人は、簡単で手間がかからない選択肢を好む傾向があります。したがって、行動を促すためには、その行動をできるだけ簡単にすることが重要です。面倒な手順があれば取り除き、簡単に取り入れられるかたちにします。

ex:自動車の保険更新を簡単にするためには、自動更新システムを導入するといった方法があります。これにより、保険の更新を忘れるリスクを減らし、保険の継続率を向上させることができます。

Attractive(魅力的)

人は、魅力的な選択肢に引き寄せられます。したがって、行動を促すためには、その行動を魅力的に見せることが重要です。

ex:健康的な食生活を促すためには、健康食品を美味しく見せるパッケージデザインや、健康に良い食事の利点を強調するマーケティング戦略を用いるといった方法があります。

Social(社会的)

人間は社会性のある生き物なので、ほかの人がとっている行動に合わせやすいという特徴を持ちます。したがって、行動を促すためには、その行動が社会的に受け入れられていることを示すことが重要です。
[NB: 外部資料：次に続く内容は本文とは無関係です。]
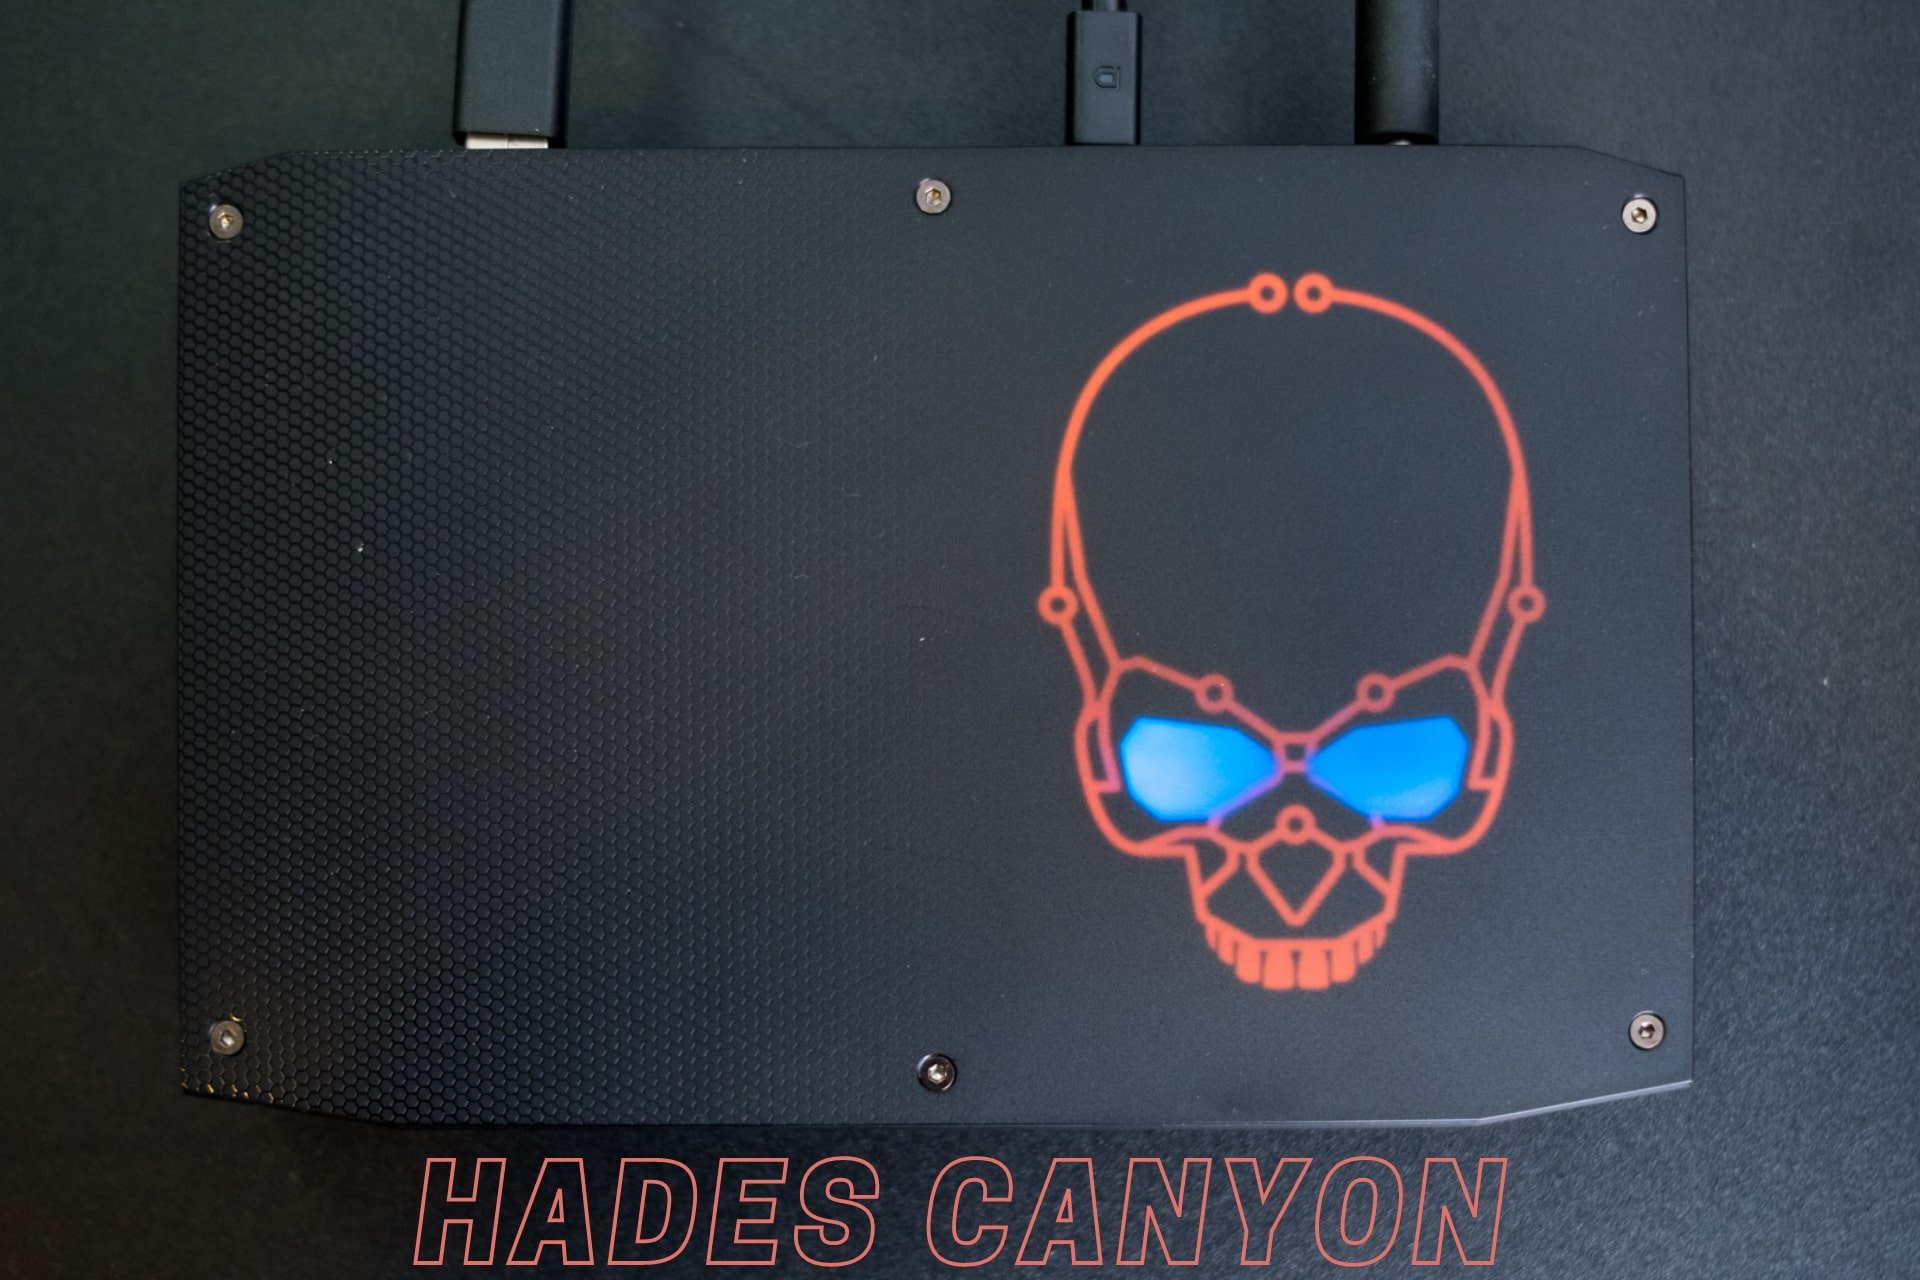 Windows 11 Hades Canyon support

ex:エネルギーの節約を促すためには、近隣の家庭がどれだけエネルギーを節約しているかを示すといった方法があります。これにより、人々は自分たちが社会的な基準から逸脱していないかを確認し、必要に応じて行動を修正します。

Timely(時宜にかなった)

人々の行動は、タイミングによって大きく影響を受けます。したがって、行動を促すためには、実施するタイミングが適切であることが重要です。
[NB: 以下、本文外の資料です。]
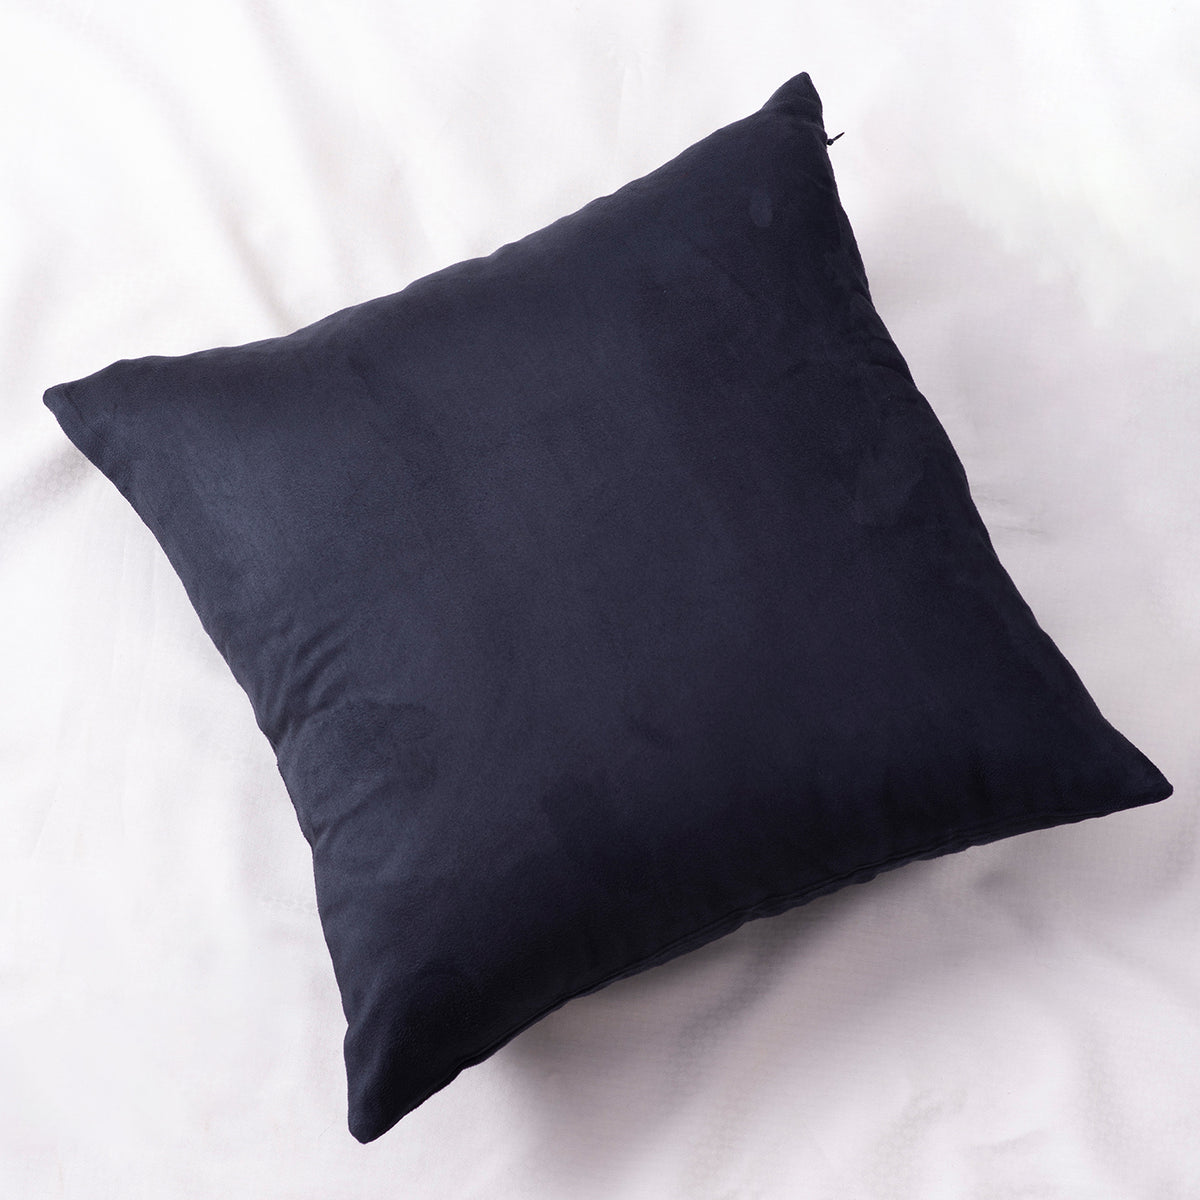 Lush Velvet Cushion Cover Blue 16 X 16 Inches Set of 5

ex:健康診断を受けることを促すためには、人々が健康について考えるタイミング、例えば新年や誕生日などにリマインダーを送るといった方法があります。

ナッジを企業で活用するには?

人事部門において、従業員の行動を理解し、それに対応する戦略を立てることは、企業の成長と従業員の満足度向上にとって不可欠です。ここでは「健康経営」と「人材育成」にしぼって、ナッジを活用する際の具体的なヒントを紹介します。

健康経営

健康診断の受診率を向上させるためのナッジ

千葉市では、特定健康診査の受診案内のハガキに「医療機関を選ぶ」→「医療機関へ電話(予約)する」と目立つように記載することで受診率の向上を図りました。企業においては、健康診断の予約を自動的に設定し、社員が自分でキャンセルする形にすることで受診率の向上が期待できます。健康診断結果を個人にフィードバックする、健康診断の受診を社内SNSなどで共有するなどの取り組みにより、従業員の受診意欲の向上も期待できます。

健康意識を高め、運動習慣を定着させるためのナッジ

運動習慣を定着させるためには、従業員が継続的に運動しやすい環境を整えることが重要です。例えば、社内にフィットネスジムやウォーキングコースを設置する、健康増進のための社内イベントを開催する、運動習慣を記録・管理できるアプリを導入するなどの取り組みが考えられます。また、健康的な食事を選びやすいように社員食堂のメニューの掲載順を工夫したり、社内の自動販売機に特定保健用食品や低カロリー食品を配置することで、社員の健康意識を高めることが期待できます。

人材育成

研修の受講率を向上させるためのナッジ

研修の受講後に社内SNSなどで研修の感想や学んだことを共有することで、受講率を向上させる効果が期待できます。研修受講の経験談や学びを社内SNSで共有することで、研修の魅力やメリットを周囲の人々に伝えることができると同時に、研修を受講した人とそうでない人との間に意識の差を生み出すことで、受講を促す効果が期待できます。研修の受講後に、研修で学んだことを実践したかどうかを評価する仕組みを導入することで、受講した人に成果を意識させ、受講率向上にもつながるでしょう。

研修で学んだことを生かすためのナッジ

研修で学んだことを実践できるプロジェクトや業務を任せるなど、研修で学んだことを実践する機会を提供することで、研修内容を実際に生かすようになる効果が期待できます。また、研修で学んだことを社内研修などで共有する機会を提供してもよいでしょう。研修内容を周囲の人々と共有し、互いに学び合うようになる効果だけでなく、社員同士のコミュニケーションを活性化させる効果も期待できます。研修後に上司や同僚などからフィードバックを受けられる仕組みを整えることも、研修で学んだことを生かすためのナッジとして有効です。フィードバックは、研修内容の理解度を高め、モチベーションを維持することにもつながります。